Fighting for Florida's future

minimum wage

Externalities

An externality is a cost of doing business that is not reflected in the price of a product or service. Nevertheless, the cost remains, and the price is paid by society in some form or another. Usually in the form of taxes or a degraded environment.

For example, all "disposable" products are ultimately, by design, "thrown away." Usually that means they are deposited in our trash, and transported to a landfill somewhere by a county or municipal sanitation service.

We all pay for that in a sanitation tax. Presumably, the cost of disposal could be calculated and added to the price of the product by the manufacturer, and manufacturers of "disposable" products would then pay for the collection and landfill operation and maintenance. Users of those products would bear the cost of their ultimate disposition, not the general public. Manufacturers, would have an economic incentive to make their disposal costs low, in order to increase profits, and we'd have less "waste" to dispose of overall.

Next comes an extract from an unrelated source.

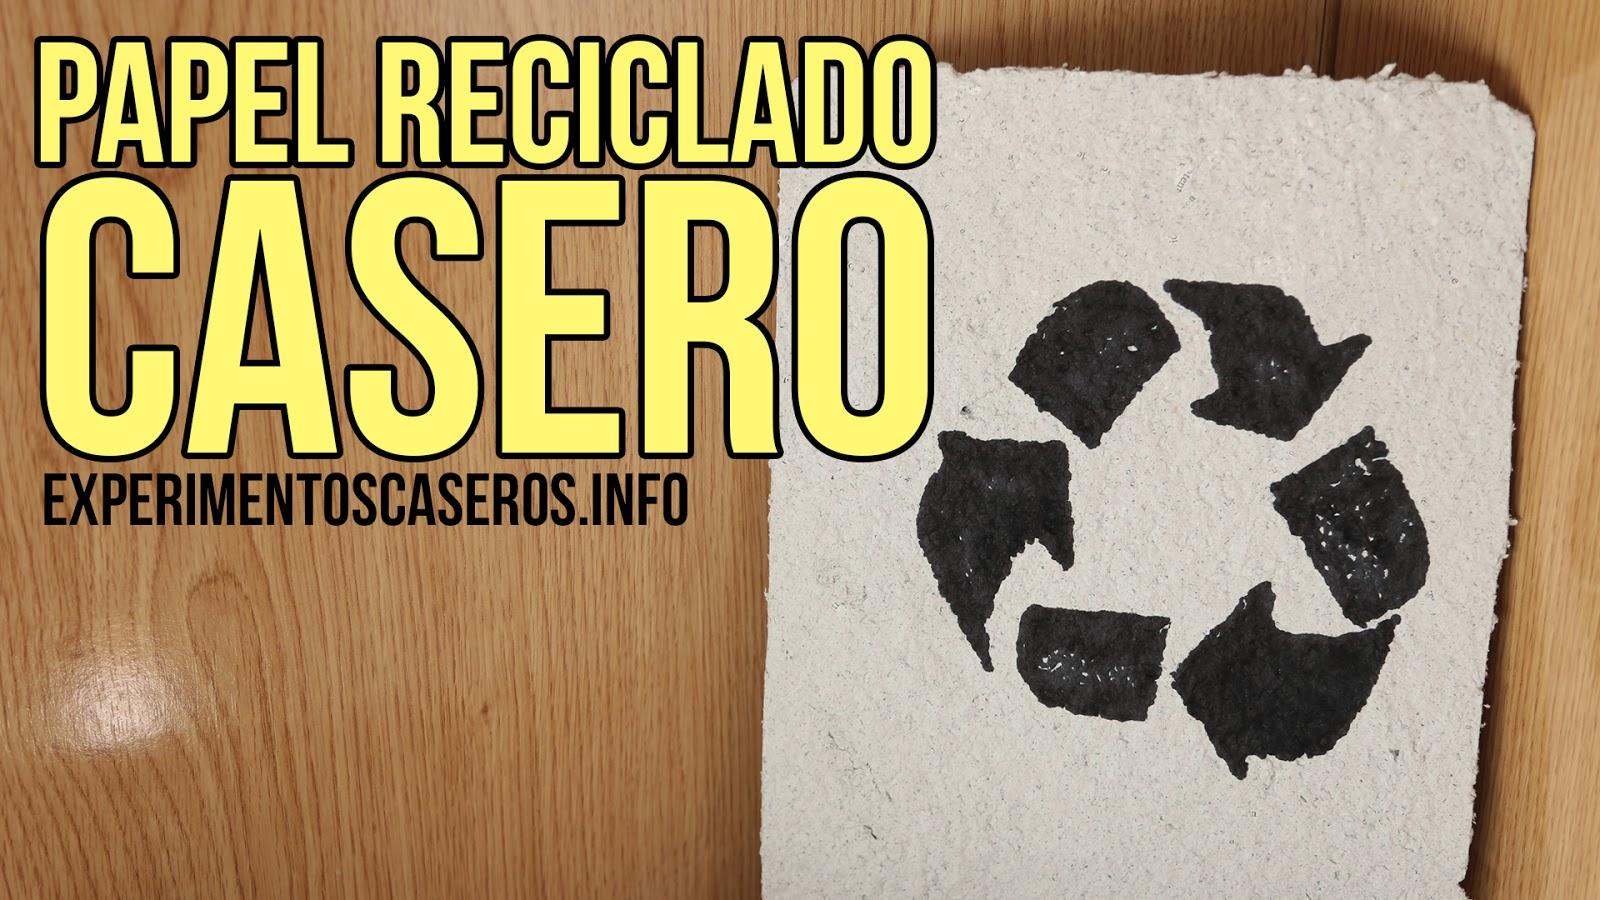 papel, reciclado, casero, ciencia, experimento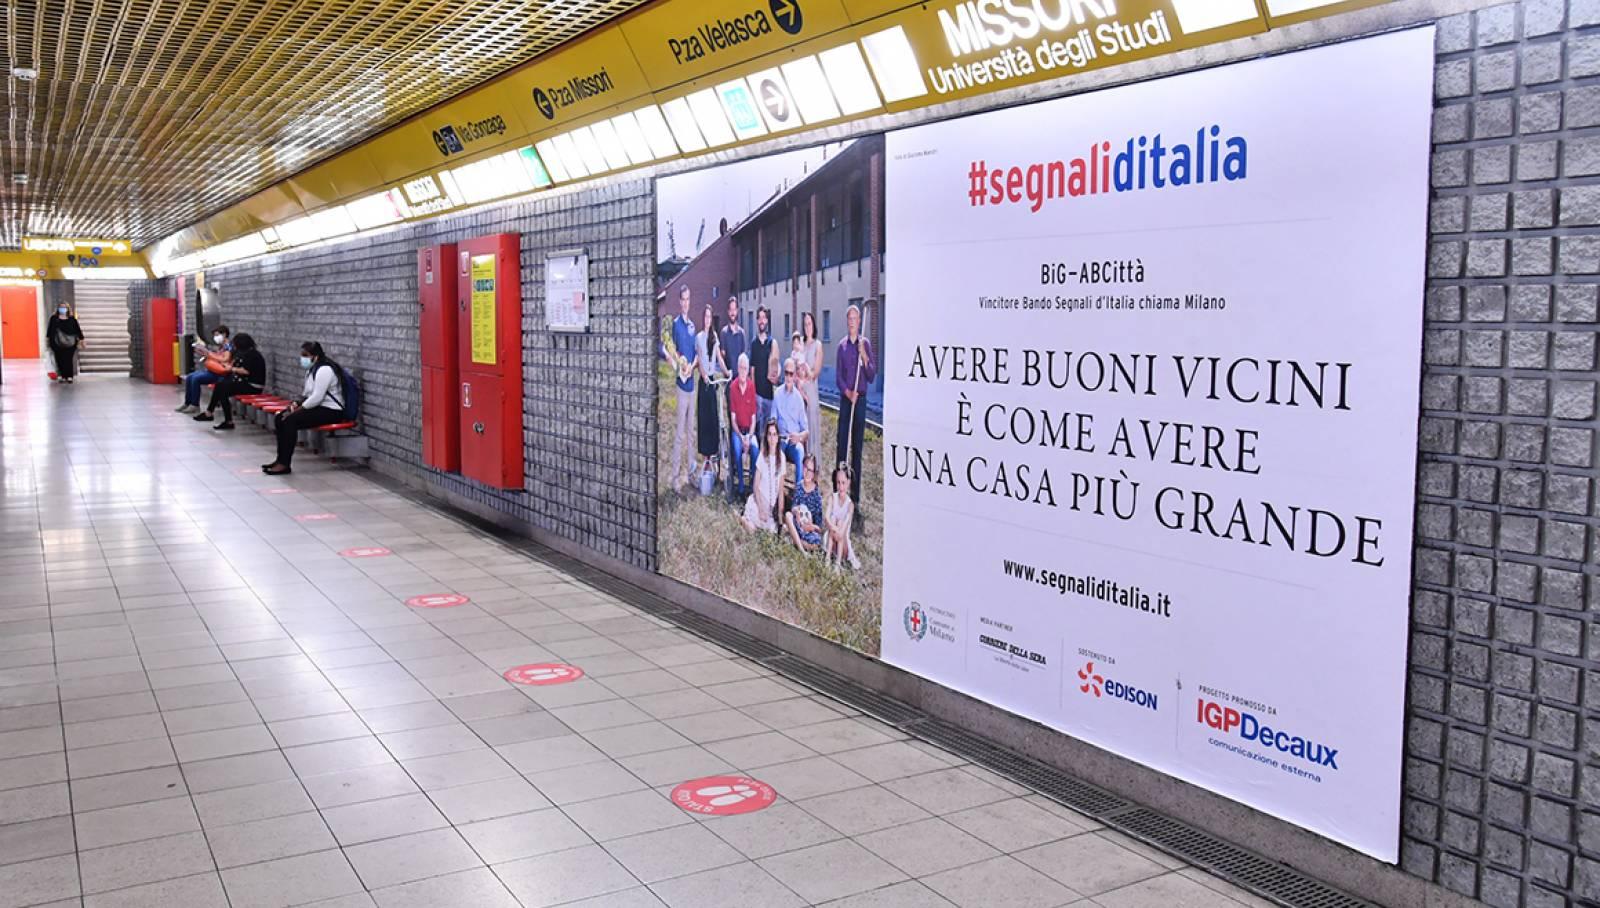 IGPDecaux campagna Segnali d'Italia circuito Maxi per big AbCittà in metropolitana a Milano

Another example is one many of us are familiar with from our recent history. In the 60s and 70s, urban air quality was an enormous problem. One source of those problems was tailpipe emissions from automobiles. Through a series of emissions and fuel economy regulations from the EPA and the state of California, manufacturers developed emissions control mechanisms, the most significant of which was the catalytic converter. Adding a catalytic converter to the manufacture of an automobile added significant cost to the vehicle, but it had the desired effect of reducing tailpipe emissions. The externality of degraded air quality and its adverse health effects was eliminated and the cost of emissions was instead borne by the people using the product.

(As a side note, the introduction of the catalytic converter required the elimination of the use of leaded fuels. This had another significant health benefit. Perhaps I'll return to that one day.)

Another externality is created when states allow the cost of labor to be undervalued by establishing a "minimum wage," that isn't a living wage. Workers who work for minimum wage are often unable to earn enough money to meet all the necessities of life, like health insurance, adequate housing, nutritional food, etc. Many of these shortfalls are borne by the workers in a degraded quality of life; but many of them are also borne by taxpayers in the form of subsidies of one form or another. Yet these are often insufficient to meet the intended need; and are always degrading to the dignity of the worker.

Nevertheless, this externality permits the sale of "cheap" services to consumers at the expense of the workers in those industries, and taxpayers as a whole.

I support a "minimum wage" that is also a living wage. I recognize that market economics will increase the cost of goods and services, and also accelerate the elimination of jobs through automation. Those are problems we can address as well, but the current state of affairs is unfair and unconscionable.

While we profess to value a "free market economy," we have studiously ignored externalities everywhere in the marketplace, that place unfair burdens on society as a whole, workers in particular and which damage and degrade our environment. To make a fairer market economy, regulation is necessary to eliminate externalities.